Еще он не без юмора написал, что его послание получилось таким длинным из-за того, что у него сейчас много свободного времени, он «залечивает боевые раны» после молодежной демонстрации протеста против американских военных баз на территории его страны.
«В демонстрации нашей участвовали девчонки и парни из разных молодежных организаций, с разными идейными взглядами и убеждениями. Шли вместе студенты, рабочие, служащие. И мы все требовали только одного — пусть уберут с нашей земли эти базы и арсеналы с оружием. Знаешь, не очень приятно чувствовать себя сидящим на ядерном погребе, ключи от которого, к тому же, в чужих руках. Мы соблюдали порядок, но на одном из перекрестков на нас набросились эти бандиты — молодые неонацисты… Они пустили в ход кастеты, ломики, велосипедные цепи».
Ганс подробно описал эту разбойничью вылазку, в результате которой несколько демонстрантов было искалечено. Полиция, как всегда, наблюдала за побоищем со стороны.
— Вообще-то провокация была задумана масштабно: наши ребята прихватили неонацистов в тот момент, когда они закладывали в урну для мусора взрывчатку.
Среди террористов, схваченных, как выразился Ганс, «за коричневые лапы», была…
«Ты ни за что не догадаешься, кто пытался подсунуть нам пластиковую взрывчатку, — писал Ганс. — Оторвись от письма и подумай…»

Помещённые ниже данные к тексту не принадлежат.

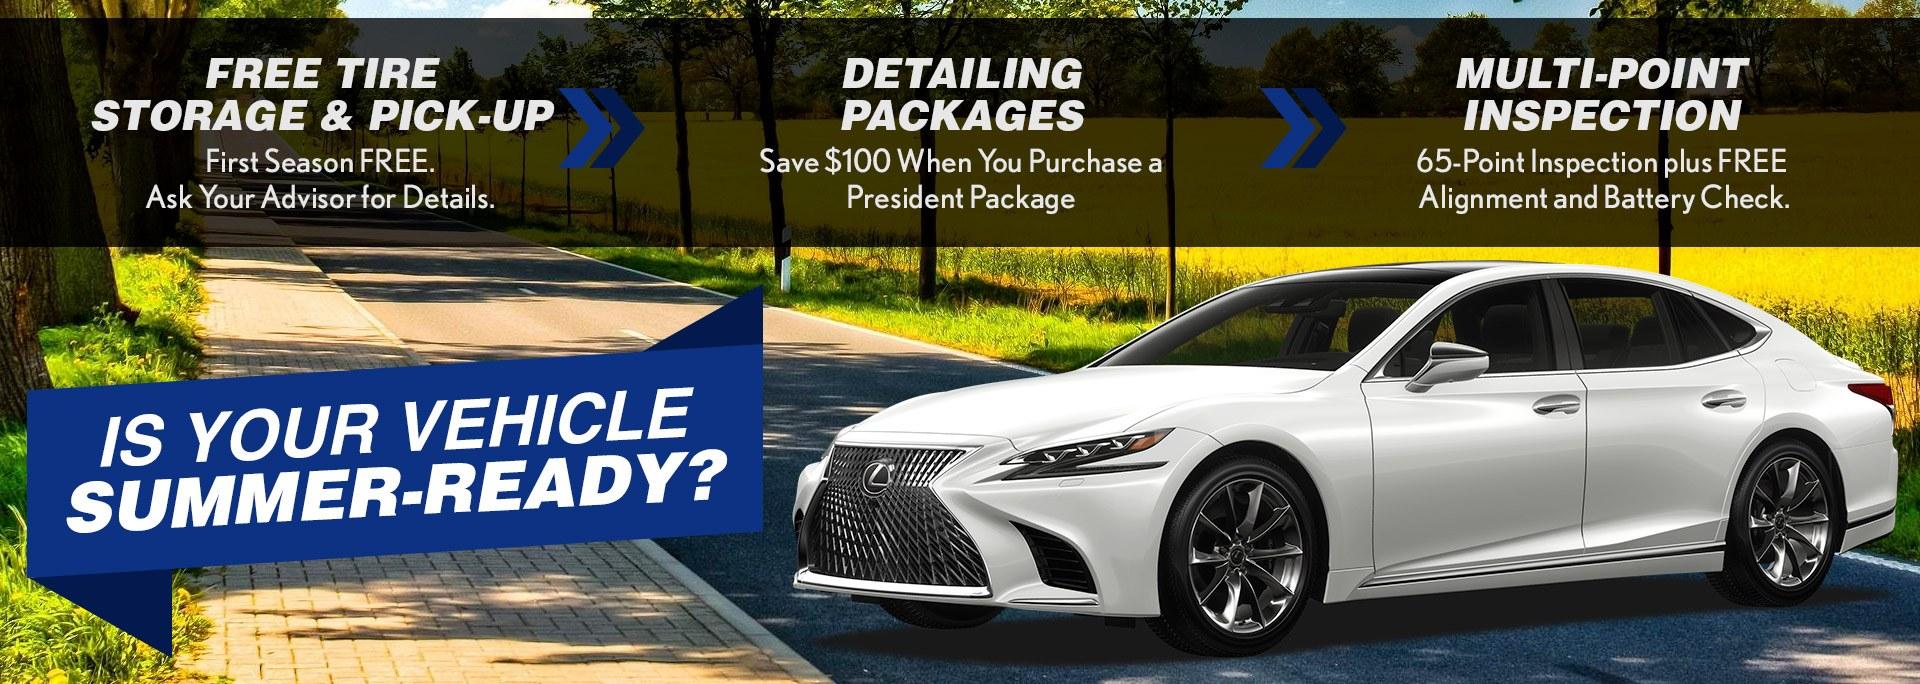 Lexus Service Specials Promotions

Заинтригованный Алексей отложил листки бумаги в сторону, прикинул, кто бы это мог быть. Он догадался! Взял снова письмо и проверил себя: да, конечно, — это предводительница молодчиков, затеявших свару на парижской улице…
То, о чем писал Ганс, к сожалению, не было редкостью. Каждый день становились известными общественности новые вылазки неонацистов.